Pressure impacts on the wave dispersion in fluid-saturated dual-porosity media

Abstract

Summary The knowledge of pressure-dependent wave dispersion in the fluid-saturated porous media helps to better understand the wave propagation in the high-pressure fields, being important for the safe drilling and the exploration of oil and gas reservoirs. However, the relevant theories still need to be elaborated. In this study, we propose a rock physics model to describe the nonlinear pressure dependence of wave dispersion of fluid-saturated dual-porosity media based on the Shapiro dual-porosity model, Gurevich squirt flow model, David-Zimmerman pore structure model and Liu’s rock physics model. The new model considers the nonlinear deformation of cracks and linear deformation of stiff pores caused by the elevating pressure.
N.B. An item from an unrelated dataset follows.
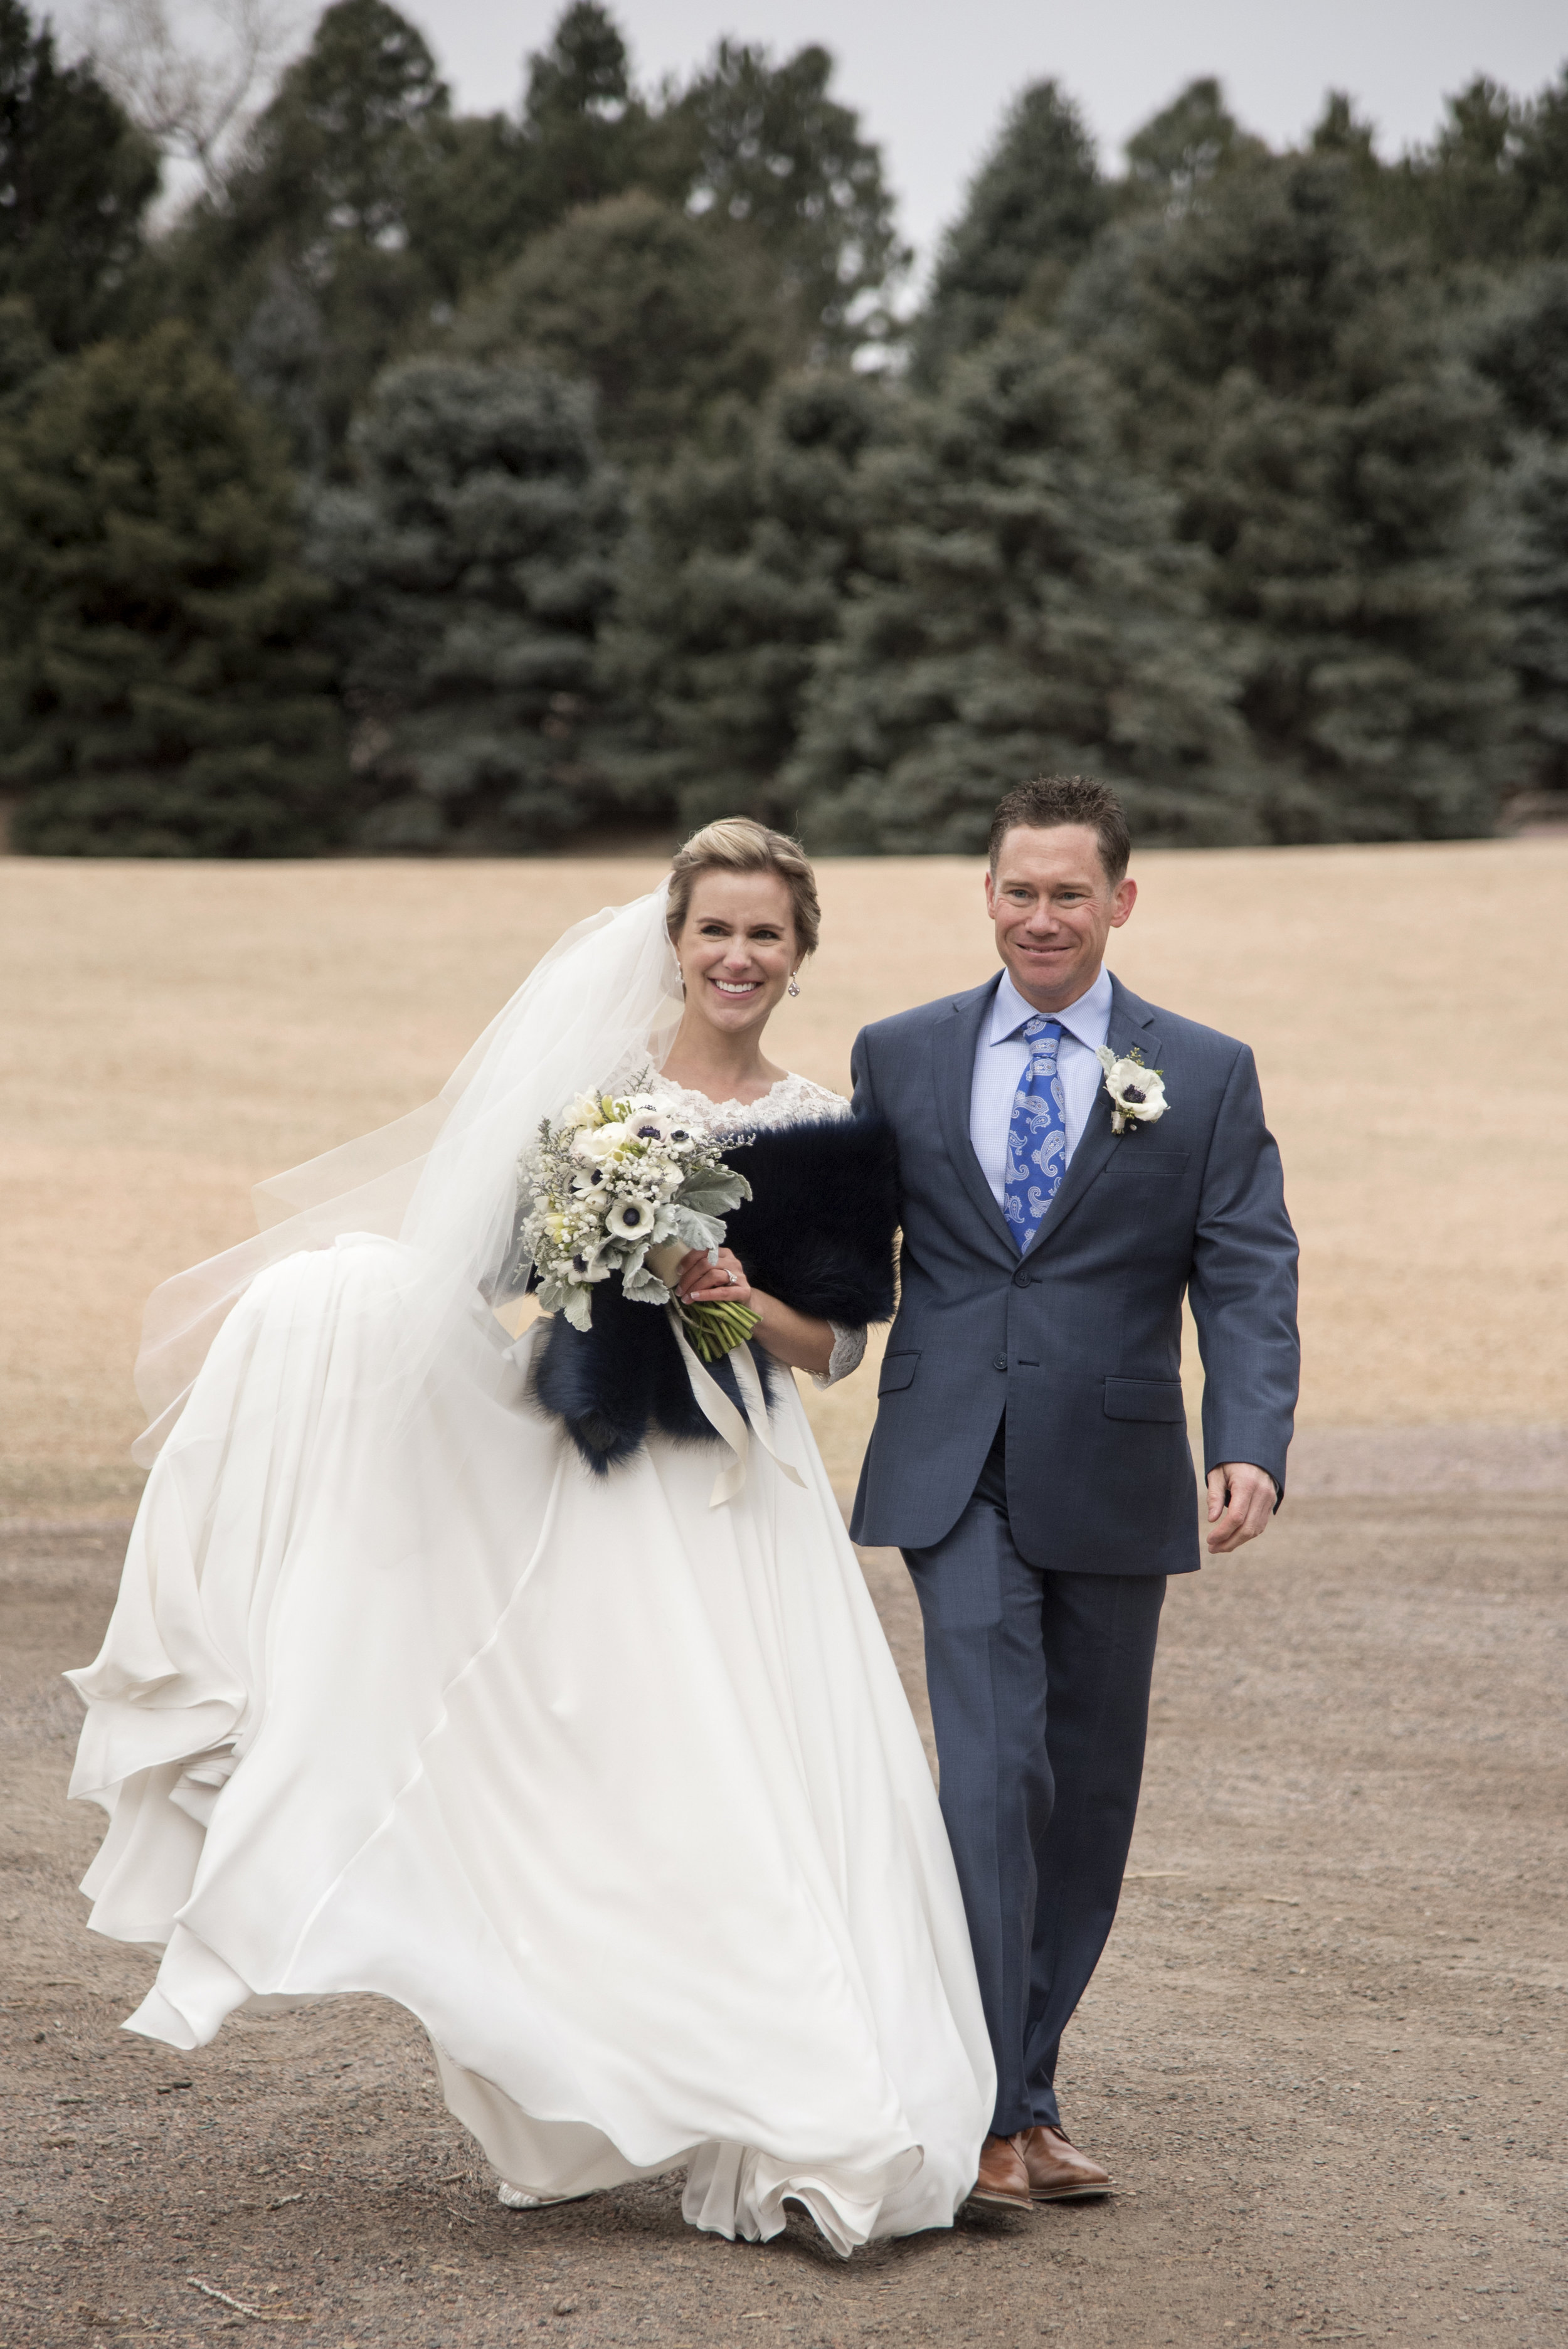 Bride and Groom walking arm in arm | Mary and Brad's Outdoor Wedding at Hudson Gardens | Colorado Springs, Colorado Photographer | Farm Wedding Photographer | Apollo Fields Wedding Photojournalism

The wave dispersion induced by the squirt flow and global flow are incorporated in the center equations. Modelling results illustrate that the new model can better explain the laboratory measurements of the two sandstones than Liu’s model and David-Zimmerman model, especially at low-magnitude pressures. The elevating pressure significantly weakens the attenuation of three waves induced by squirt flow but has very faint effects of wave attenuation induced by the global flow. The reasonably agreement between the modelled velocities and the laboratory data of Fontainebleau, Vosges sandstones and Indiana limestone validate the proposed model.